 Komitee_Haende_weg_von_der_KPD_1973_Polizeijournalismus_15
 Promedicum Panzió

==

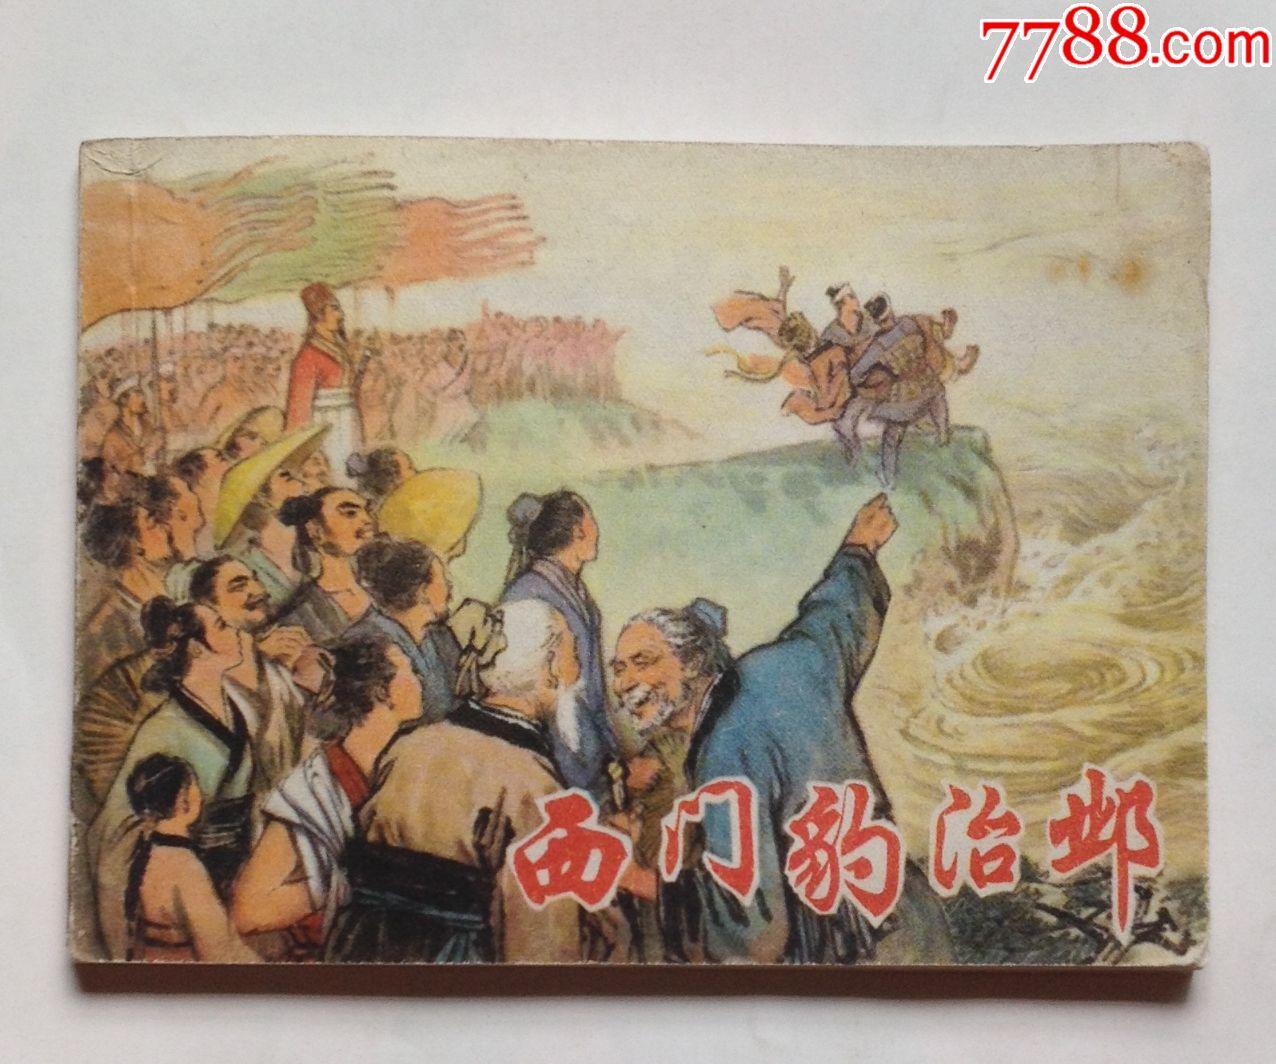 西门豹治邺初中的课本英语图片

==

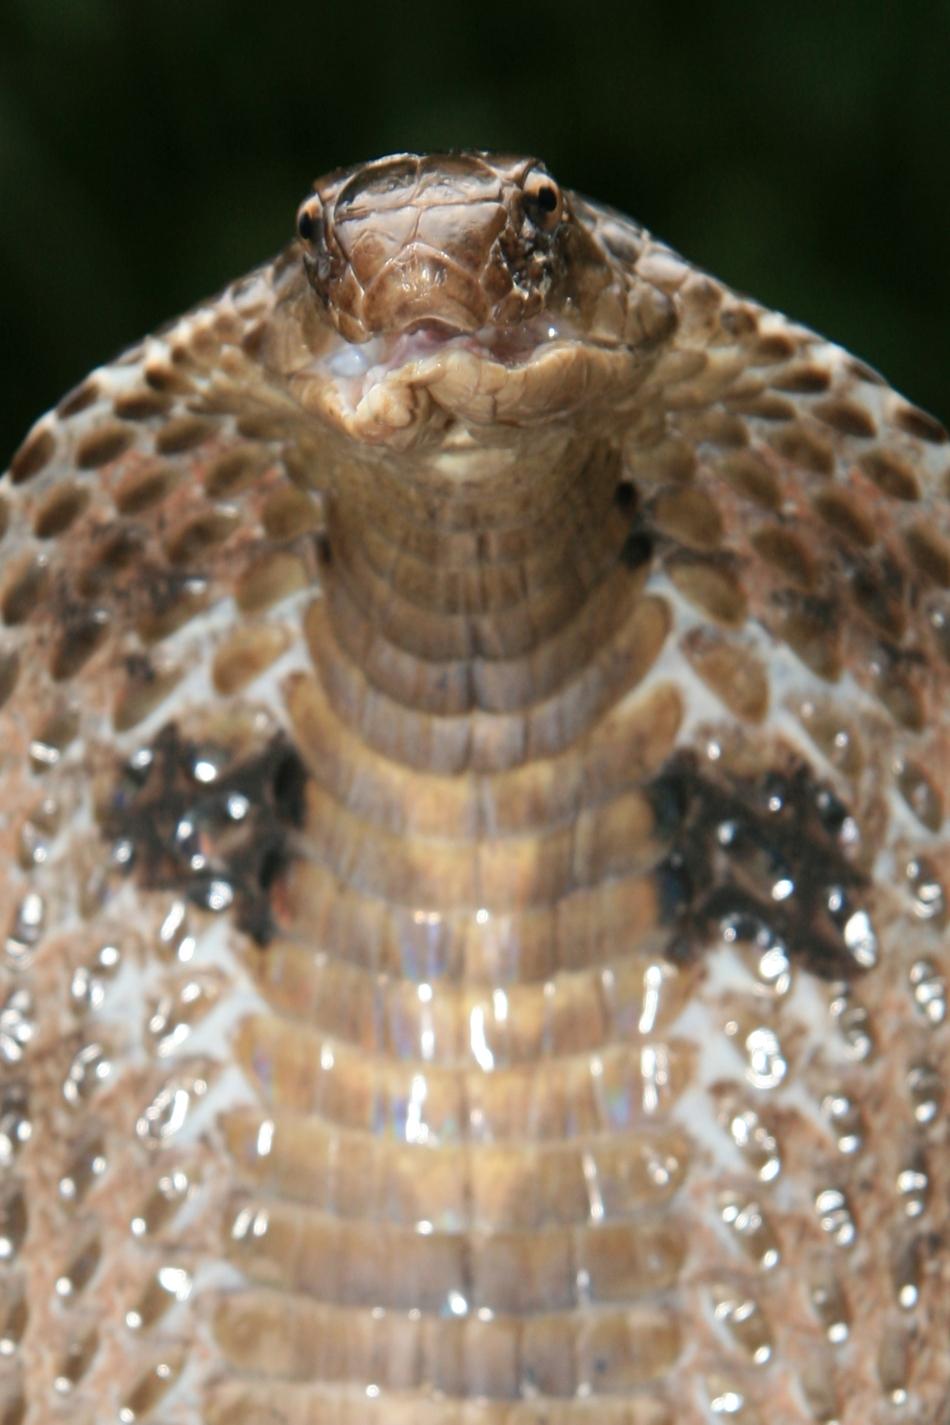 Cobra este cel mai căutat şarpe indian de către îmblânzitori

Problem statement: Write down exactly the span of lines above from the one containing "Komitee_Haende_weg_von_der_KPD_1973_Polizeijournalismus_15" to the one containing "Promedicum Panzió", both ends included.

Solution for this exercise:
 Komitee_Haende_weg_von_der_KPD_1973_Polizeijournalismus_15
 Promedicum Panzió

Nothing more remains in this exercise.